Almost a century ago this Court held that the children of a deceased parent have a right to challenge a decree or judgment of divorce between their father and their mother rendered in a suit to which they were not parties. Rawlins, et al. v. Rawlins, et al., 18 Fla. 345 (1881). And in State ex rel. Willys v. Chillingworth, 124 Fla. 274, 168 So. 249 (1936) this Court held in an opinion written by the late revered Mr. Justice Terrell that a testator’s daughter had a right to challenge a divorce decree granted to the putative widow of her father from her prior husband on the ground of intrinsic fraud and in the opinion stated

“The rule is settled in this state that respondent, being heir to her father’s estate, has a right to question the validity of his marriage to petitioner”,

citing Rawlins v. Rawlins, supra.

The cases of deMarigny v. deMarigny, Fla.1949, 43 So.2d 442, Gaylord v. Gaylord, Fla.1950, 45 So.2d 507 and Coltun v. Coltun, Fla.App., 1964, 167 So.2d 336, cited by petitioner herein do not support her contention that the children of a deceased party as strangers to a divorce proceeding in which the putative widow was a party have no standing to attack the judgment rendered in such proceeding. This is true for in each of those cases the attack upon the divorce judgment was made by the second spouse who at the time of the rendition of the divorce judgment under attack was not a prospective heir of the party to the divorce proceeding whom she or he later married.

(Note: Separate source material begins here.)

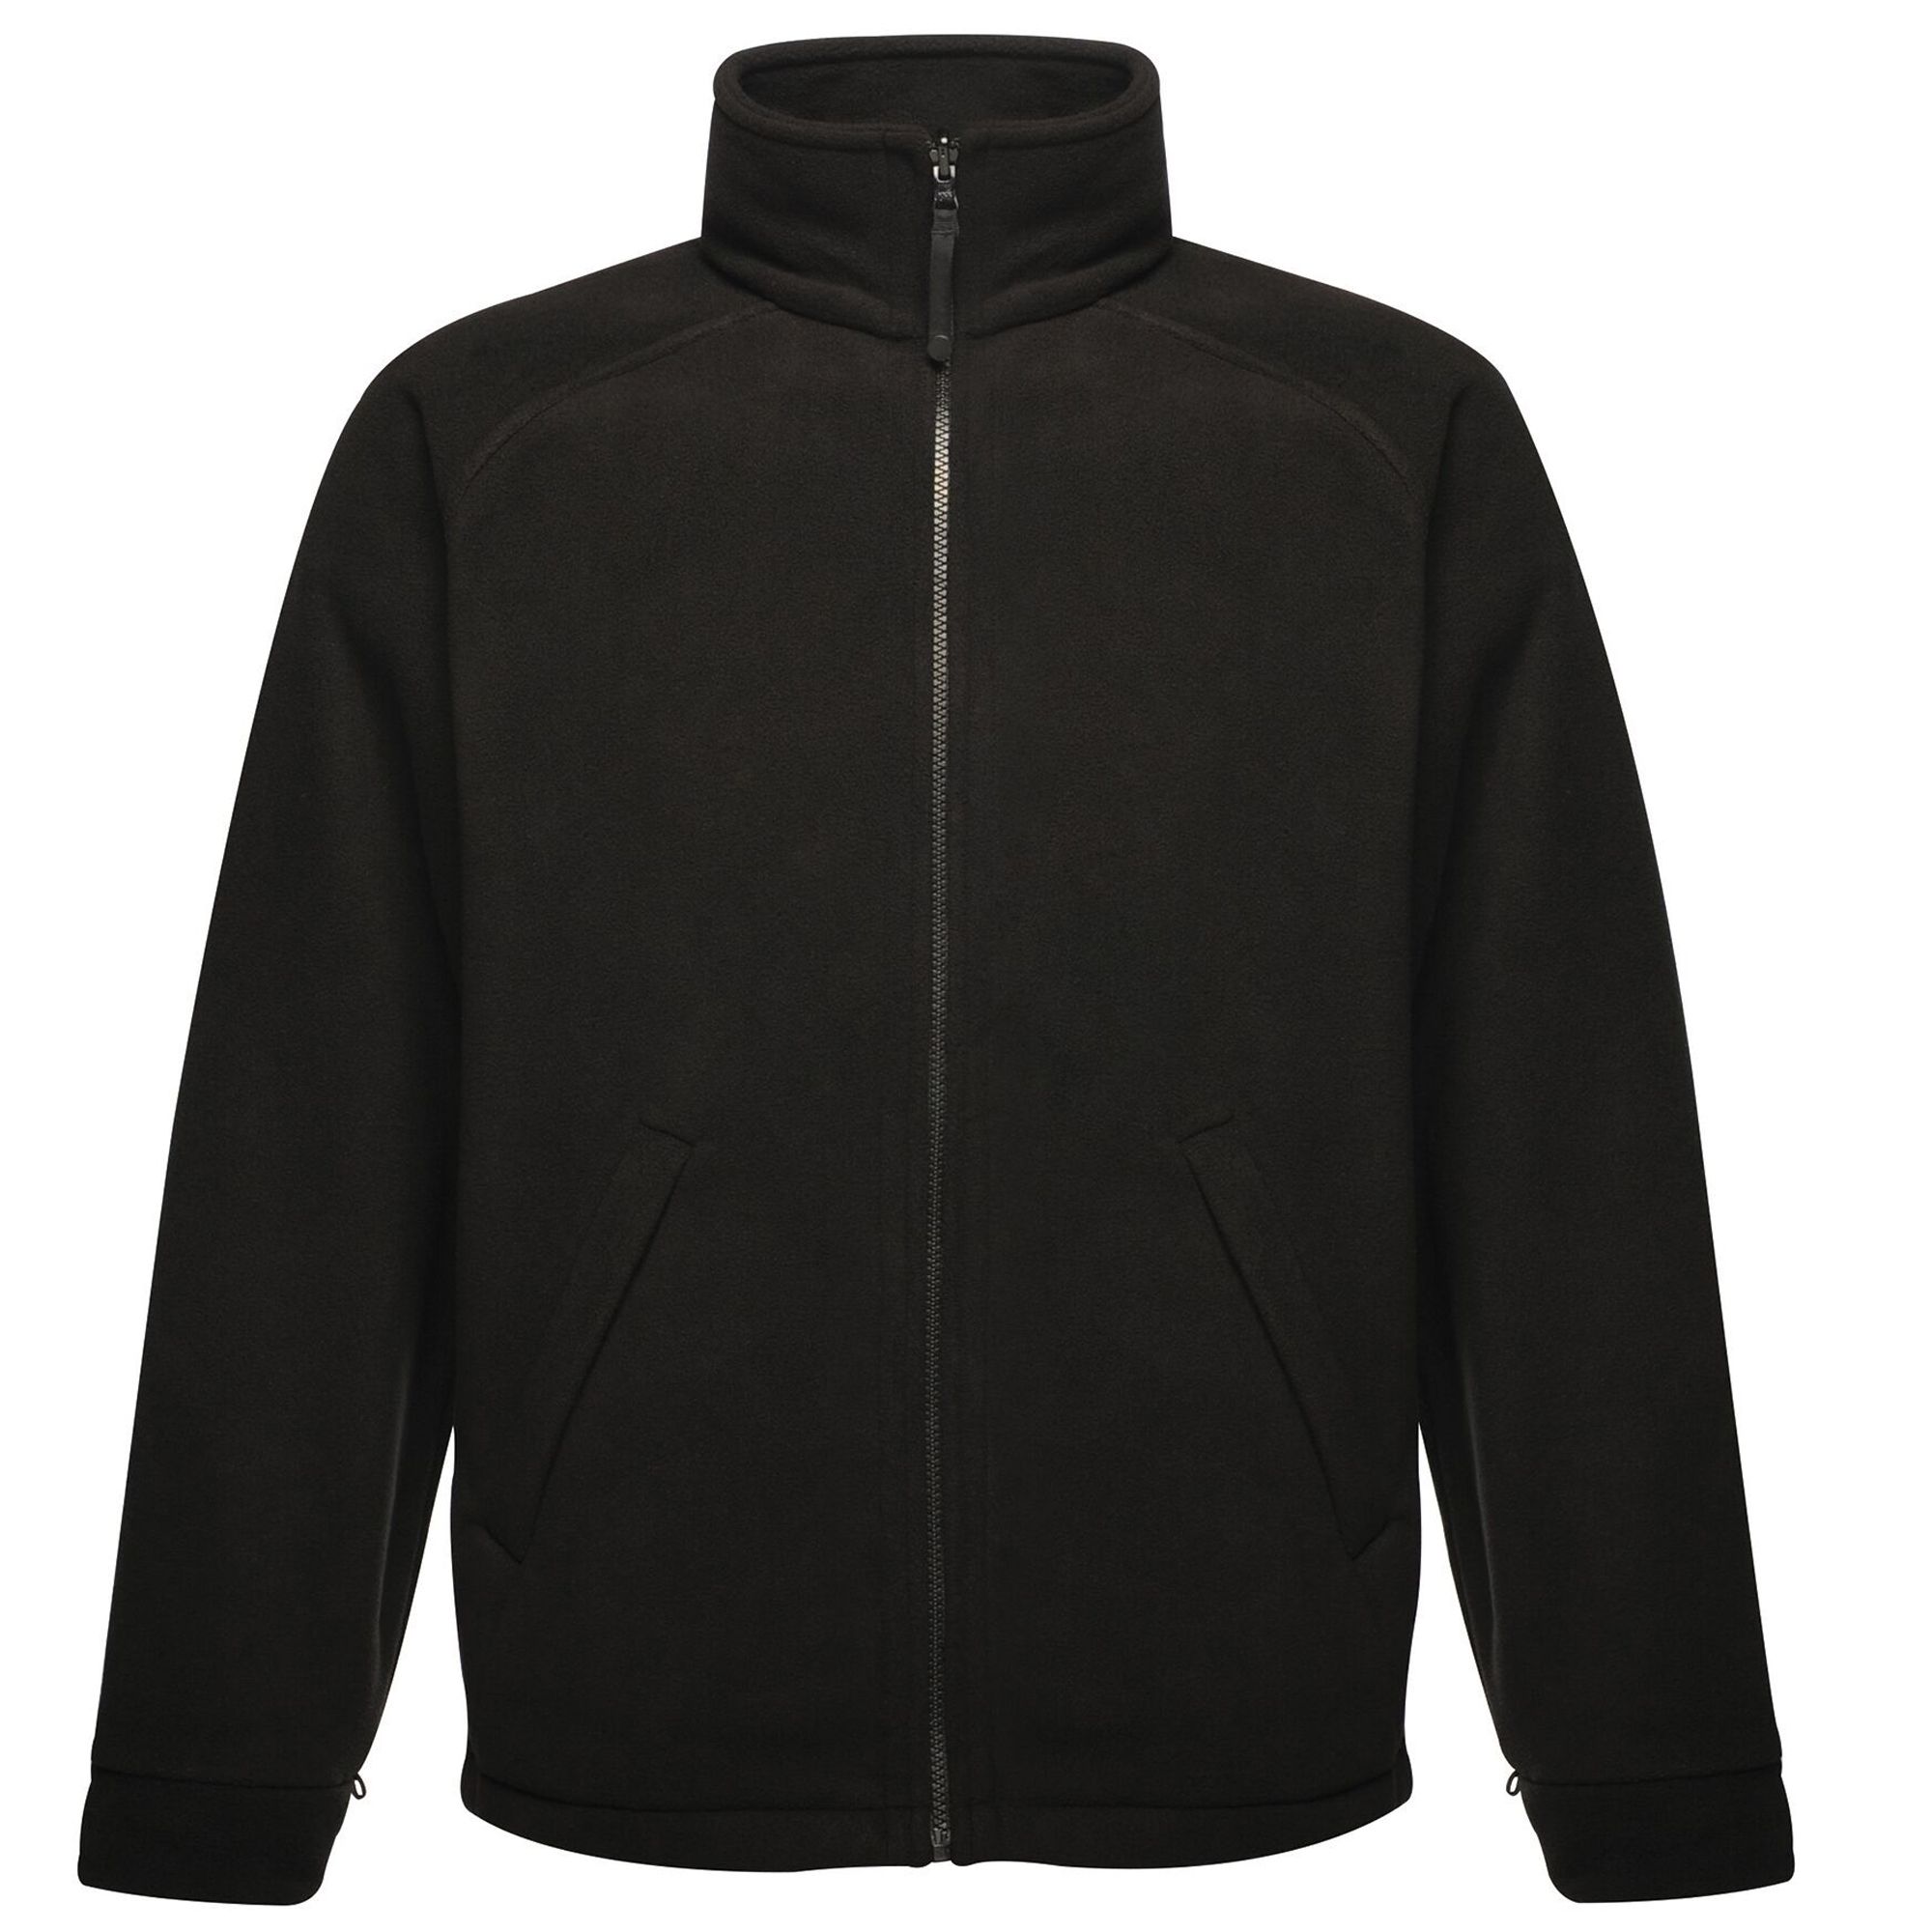 100% fleece. Unisex jacket. Adjustable shockcord hem. 2 zipped lower pockets. Symmetry Fleece - lighter weight/greater warmth. Weight: 380g/m² Symmetry fleece. Fabric: 380 series anti-pill Symmetry fleece. Regatta sizing (chest approx): XS (35-36in/89-91.5cm), S (37-38in/94-96.5cm), M (39-40in/99-101.5cm), L (41-42in/104-106.5cm), XL (43-44in/109-112cm), XXL (46-48in/117-122cm), XXXL (49-51in/124.5-129.5cm), XXXXL (52-54in/132-137cm), XXXXXL (55-57in/140-145cm).

We, therefore, conclude that the District Court of Appeal properly held that the children of a decedent have legal standing collaterally to attack the validity of a decree purportedly dissolving a prior marriage of decedent’s putative wife to her prior husband where such decree is void and that its decision herein should be affirmed and that the Writ of Certiorari heretofore issued herein should be discharged. We, therefore, affirm and discharge the writ.

It is so ordered.

ROBERTS, C. J., and BOYD, McCAIN and DEKLE, JJ., concur.